** Opening EXERCISE DATA block **
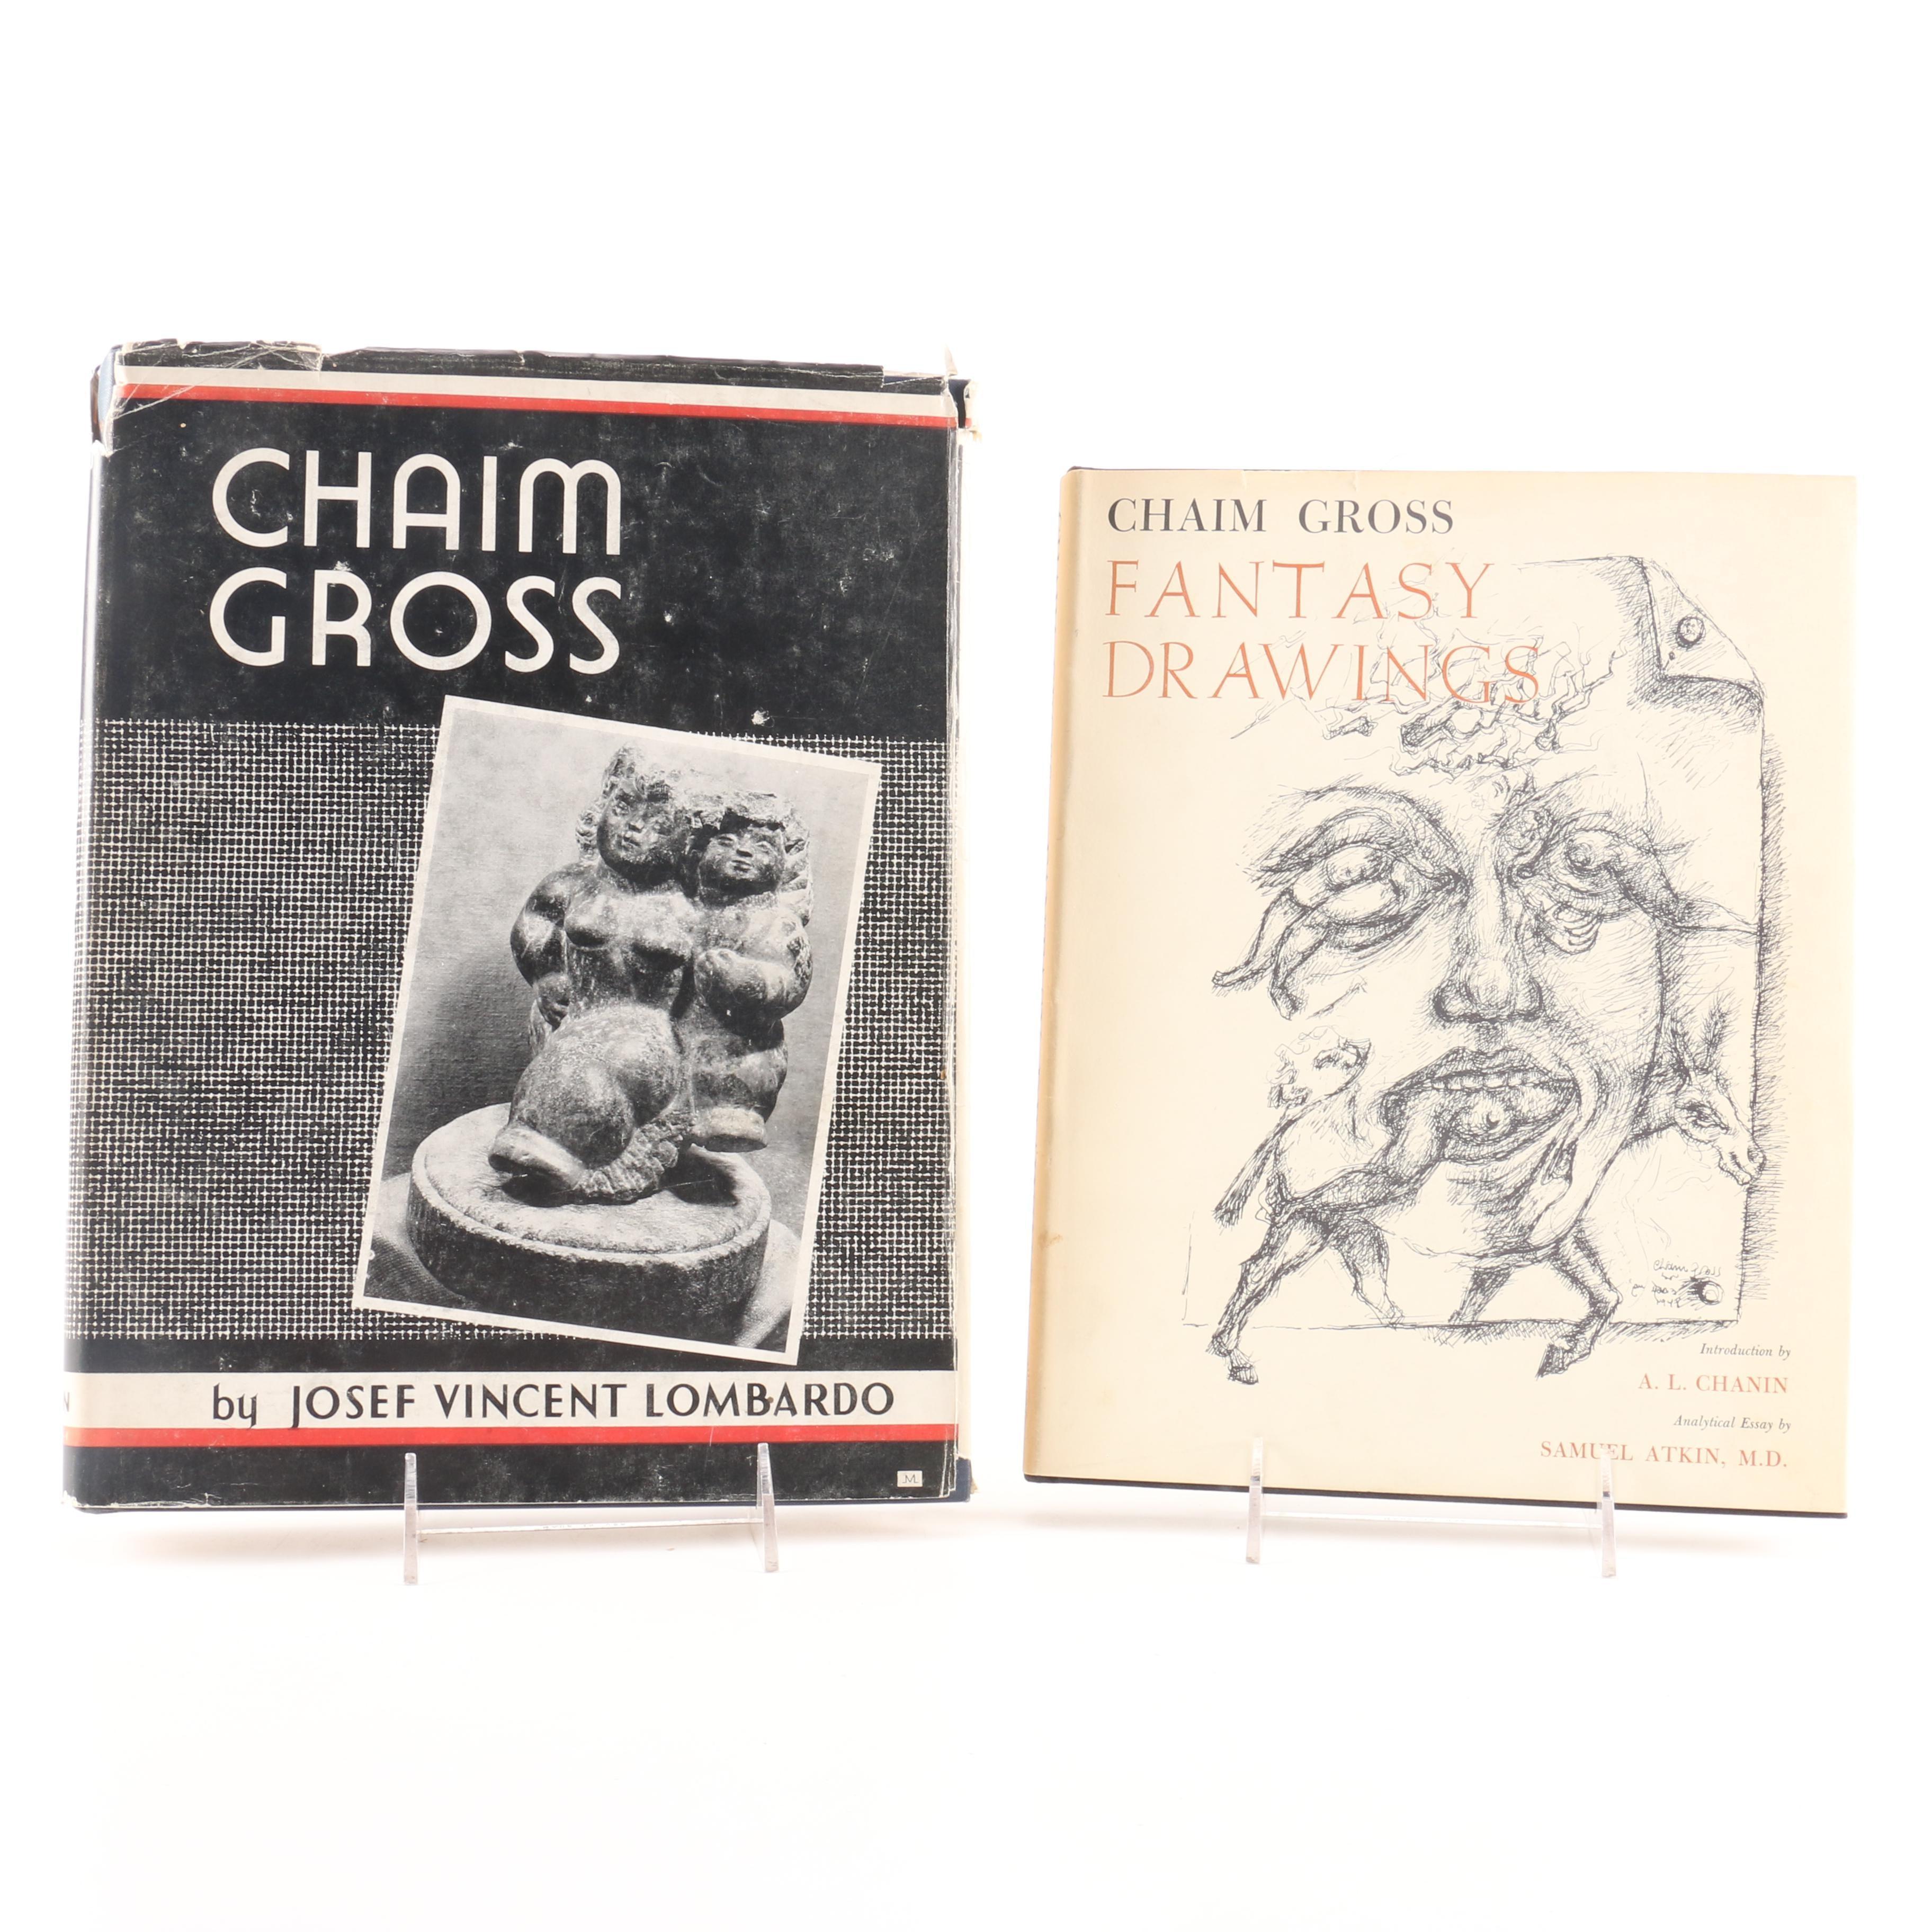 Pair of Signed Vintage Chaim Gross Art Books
** Closing EXERCISE DATA block **
** Opening EXERCISE DATA block **
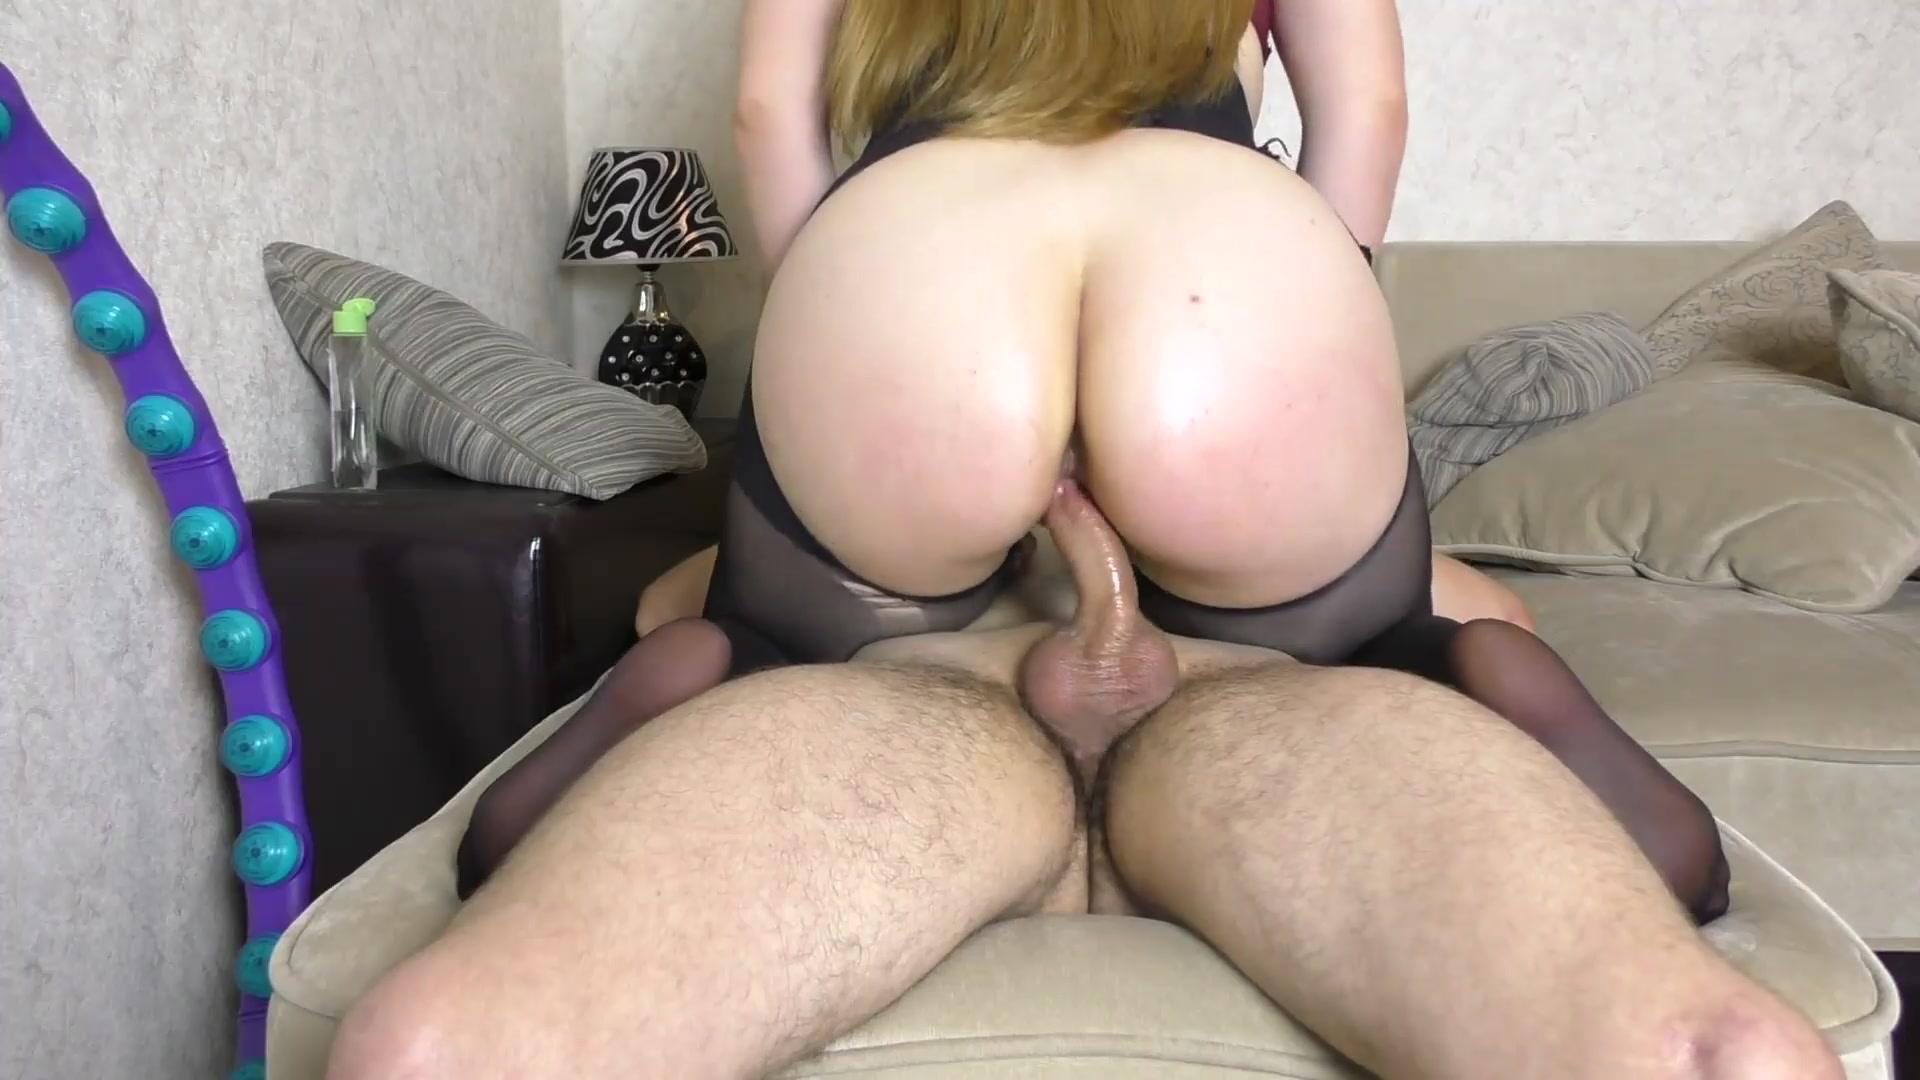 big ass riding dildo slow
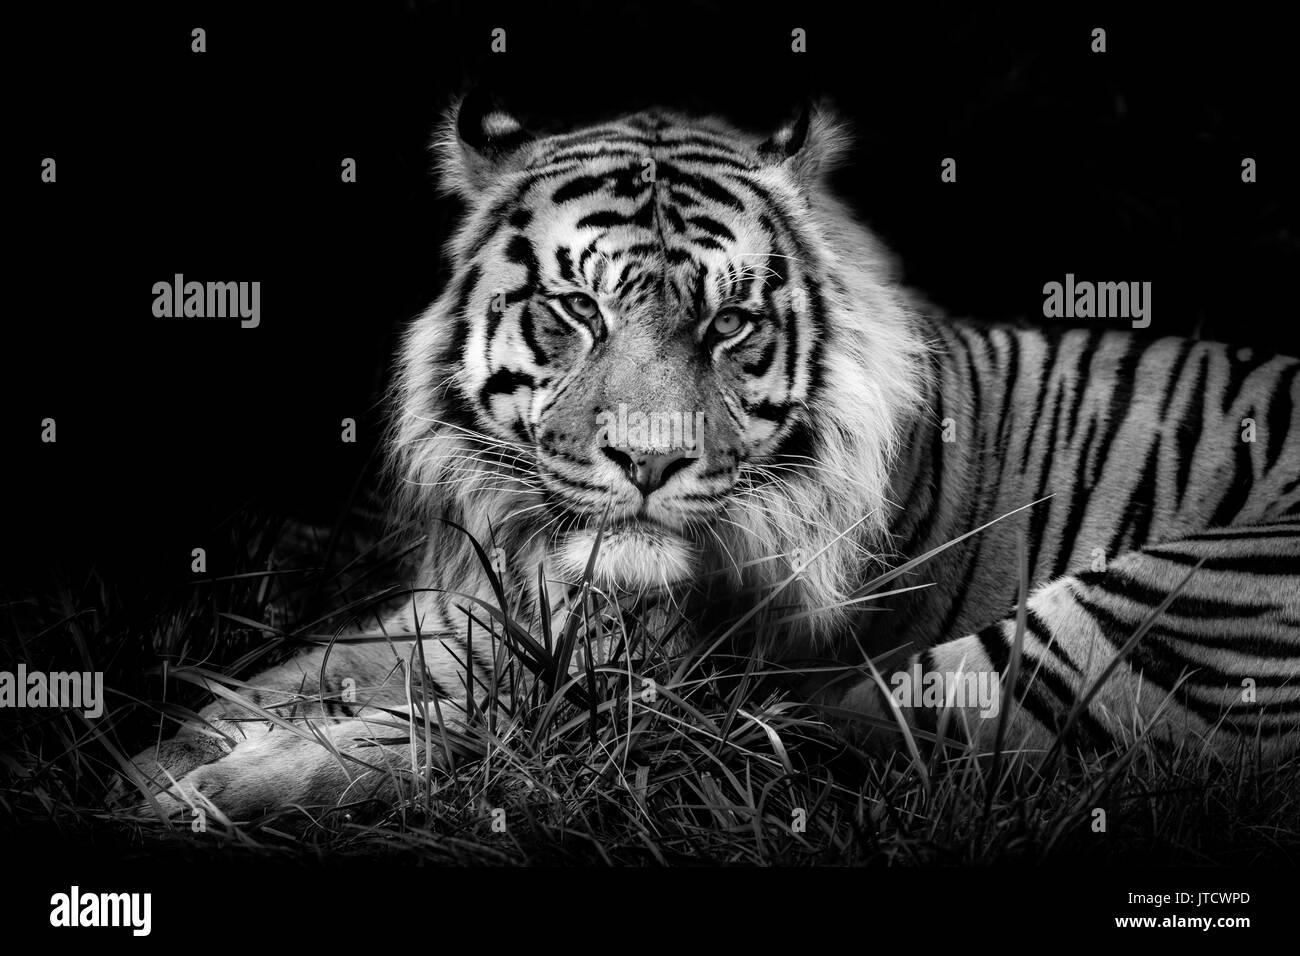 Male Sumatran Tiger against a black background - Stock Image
** Closing EXERCISE DATA block **
** Opening EXERCISE DATA block **
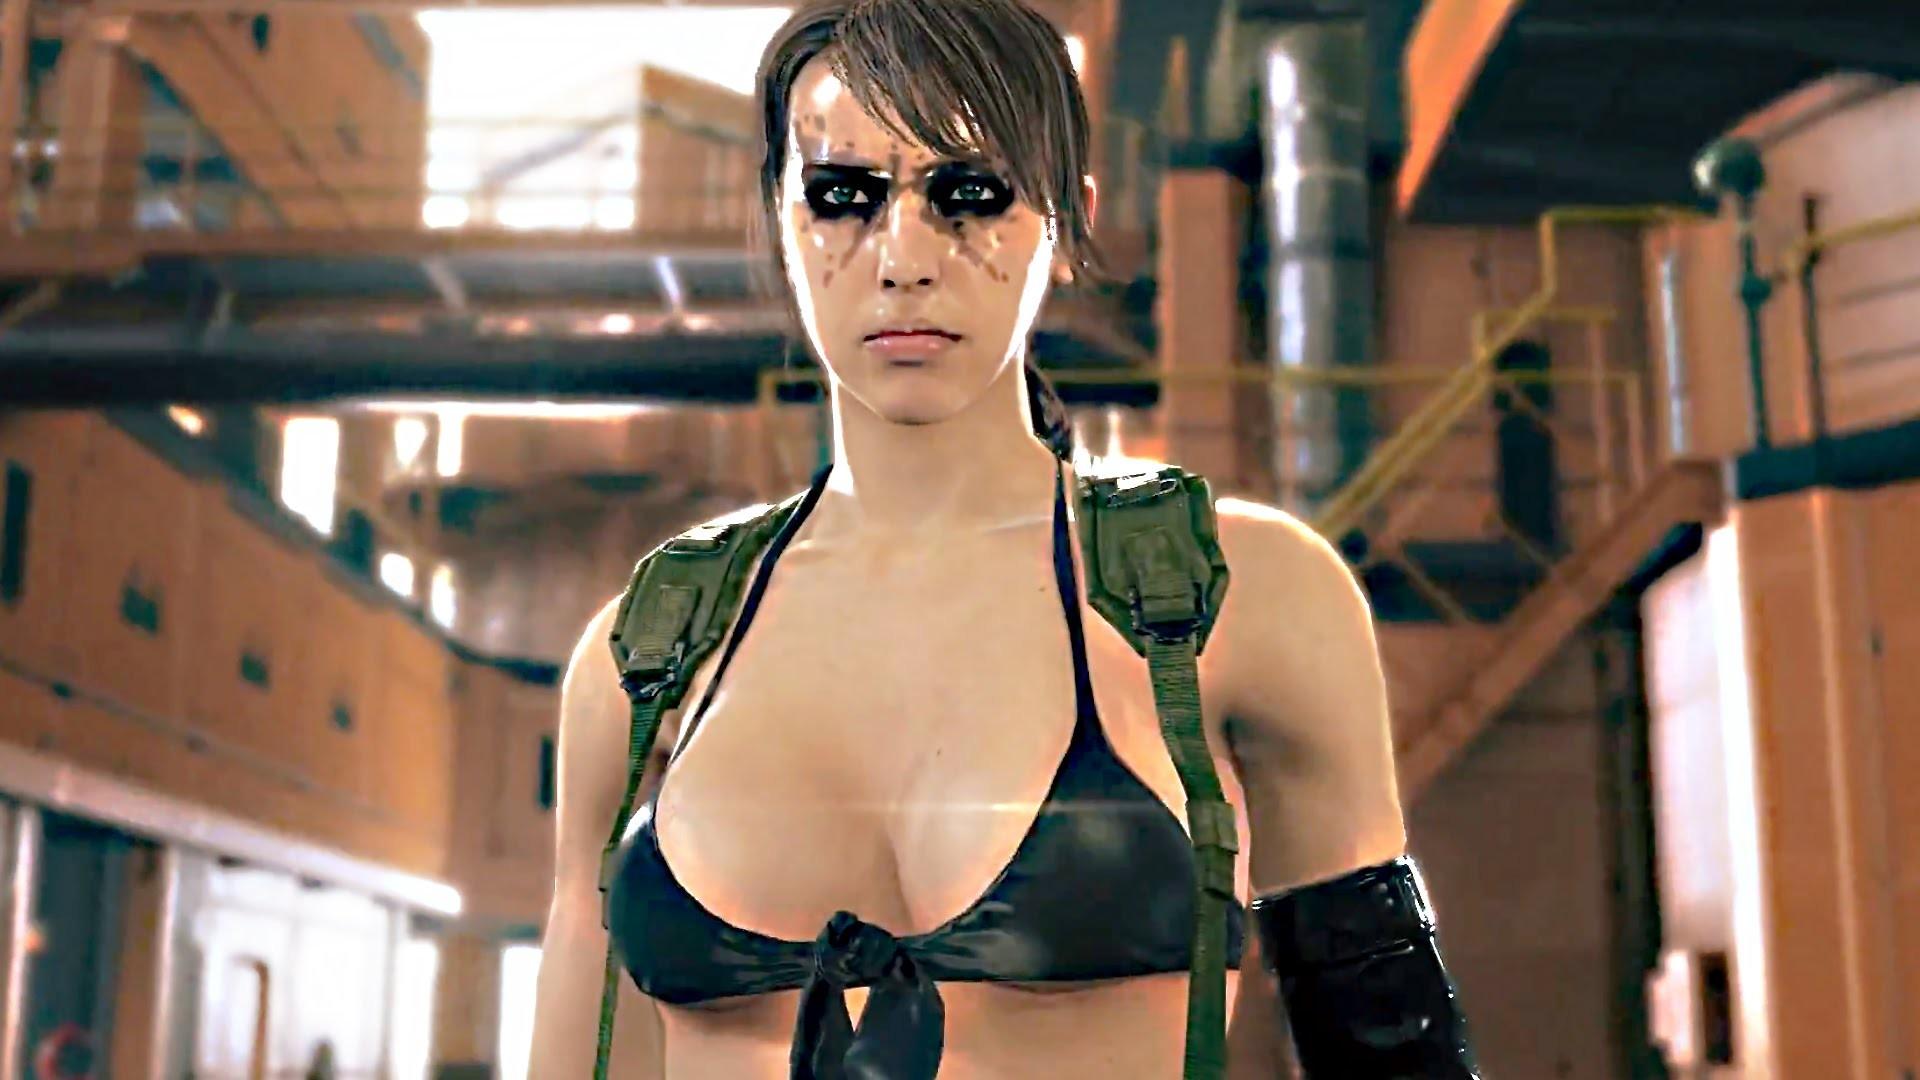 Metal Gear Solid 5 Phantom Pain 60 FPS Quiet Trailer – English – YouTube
** Closing EXERCISE DATA block **
▶ [INSTRUCTIONS TO FOLLOW] Nothing outside the stretch above, from the line with "big ass riding dildo slow" through the line with "Male Sumatran Tiger", is set down. Transcribe that stretch exactly, ends included, but not its pictures.

▶ [ANSWER FOR THIS EXERCISE]
 big ass riding dildo slow
 Male Sumatran Tiger against a black background - Stock Image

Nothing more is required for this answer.